## WORK INSTRUCTION:
The answer is a stretch of the material below, returned exactly: the line containing "Bonacell 1800 мАч", the line containing "TÜRKOLOJI KONGRELERI Yayın", and all lines between.
++++ EXCERPTED DATA
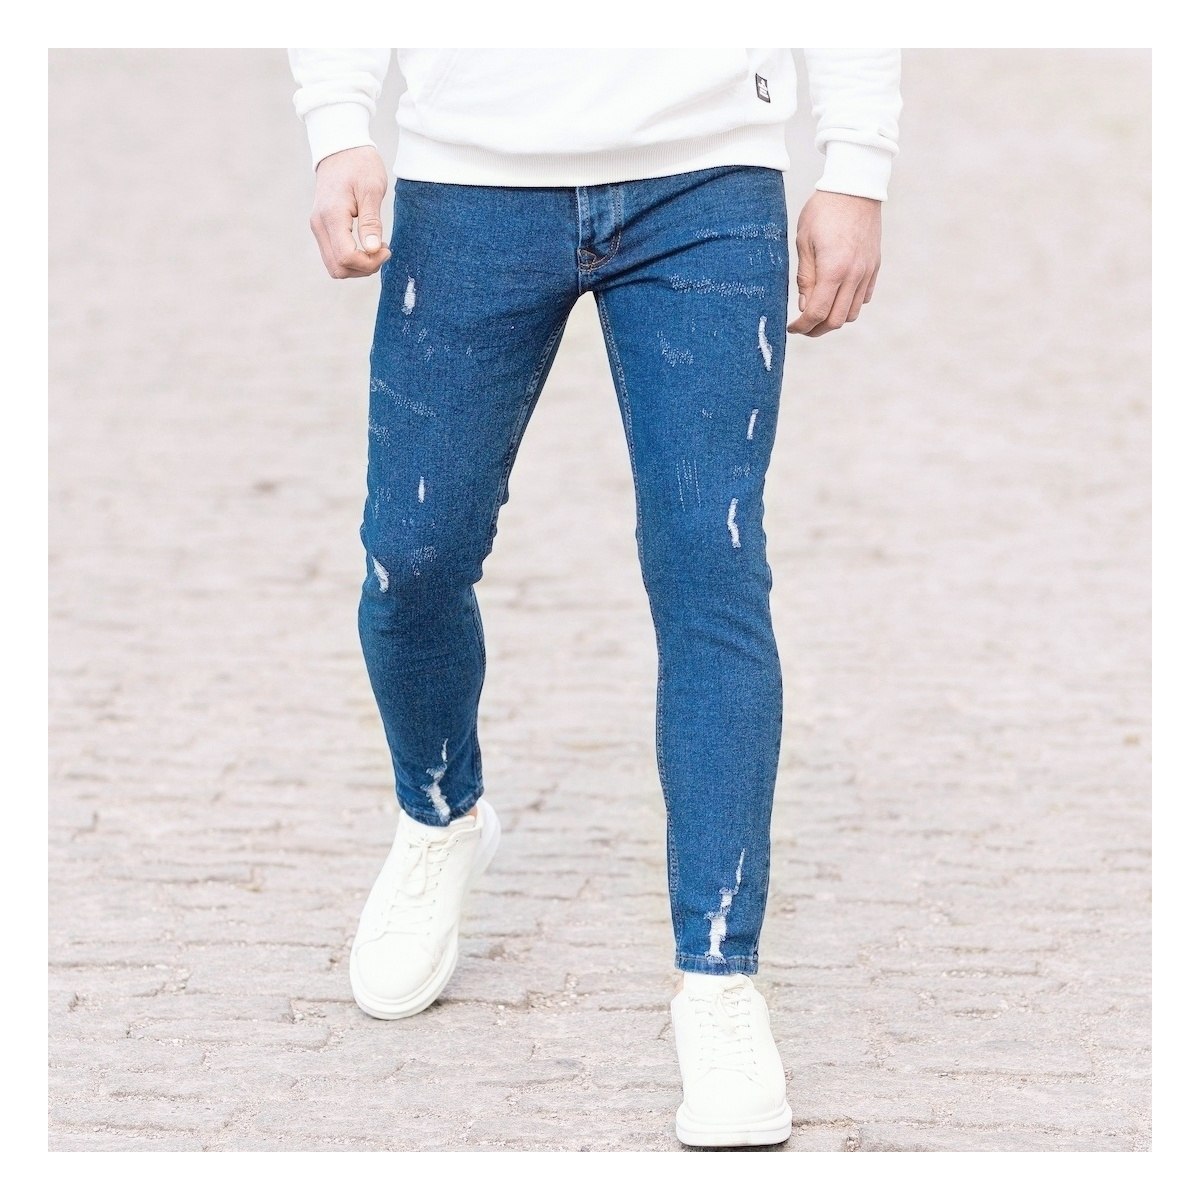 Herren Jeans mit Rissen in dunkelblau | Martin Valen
++++++++
++++ EXCERPTED DATA
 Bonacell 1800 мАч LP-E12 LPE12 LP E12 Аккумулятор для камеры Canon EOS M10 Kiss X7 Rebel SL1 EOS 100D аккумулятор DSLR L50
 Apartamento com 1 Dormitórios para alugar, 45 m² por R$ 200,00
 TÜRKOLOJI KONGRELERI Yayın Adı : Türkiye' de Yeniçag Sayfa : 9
++++++++
++++ EXCERPTED DATA
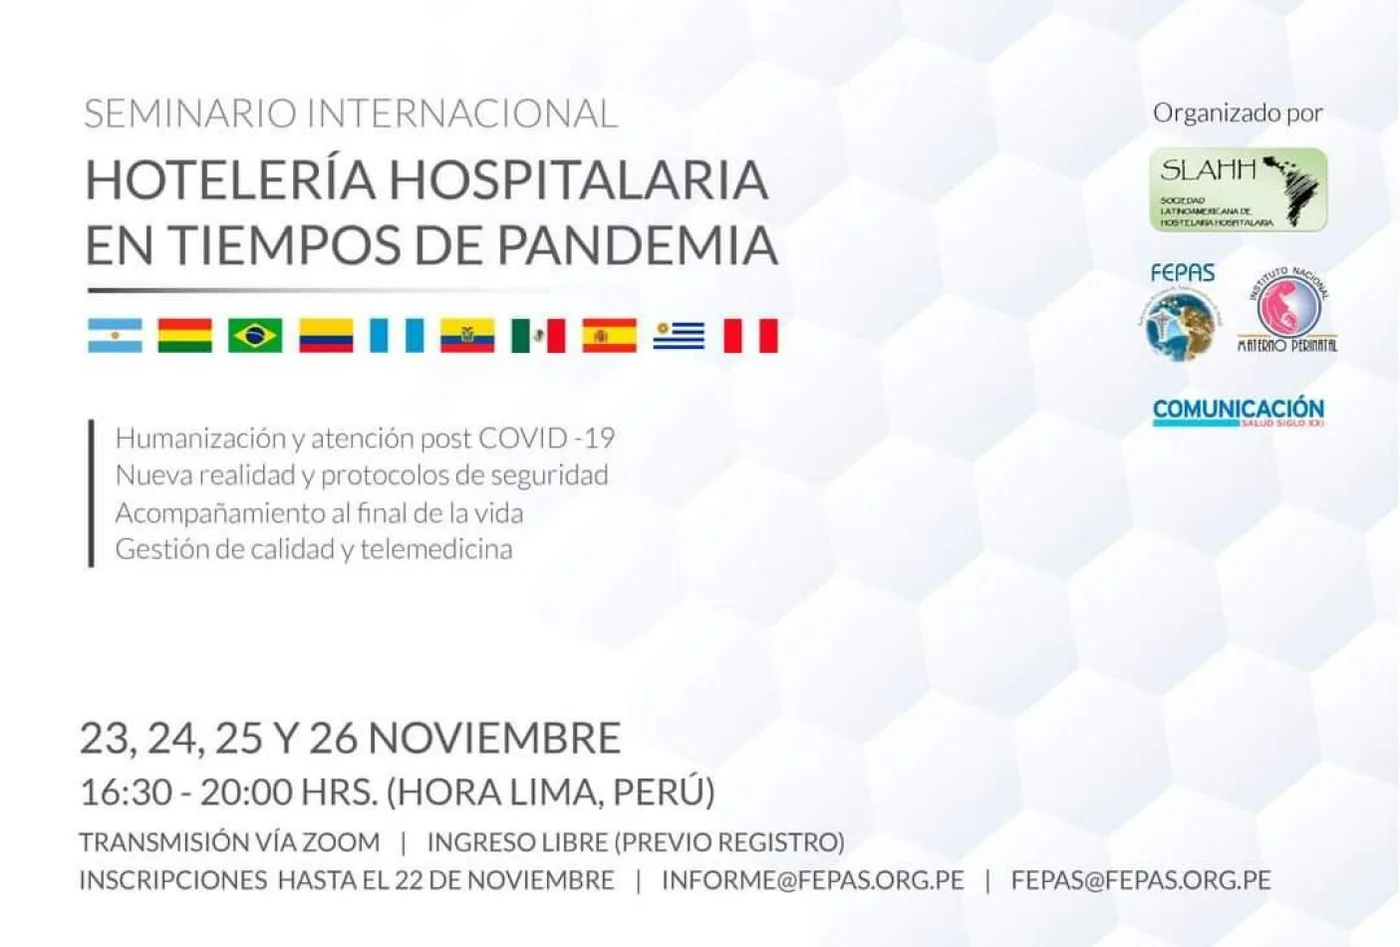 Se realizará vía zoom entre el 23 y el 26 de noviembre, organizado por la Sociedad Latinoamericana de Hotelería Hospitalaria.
++++++++
## RESPONSE BELOW:
 Bonacell 1800 мАч LP-E12 LPE12 LP E12 Аккумулятор для камеры Canon EOS M10 Kiss X7 Rebel SL1 EOS 100D аккумулятор DSLR L50
 Apartamento com 1 Dormitórios para alugar, 45 m² por R$ 200,00
 TÜRKOLOJI KONGRELERI Yayın Adı : Türkiye' de Yeniçag Sayfa : 9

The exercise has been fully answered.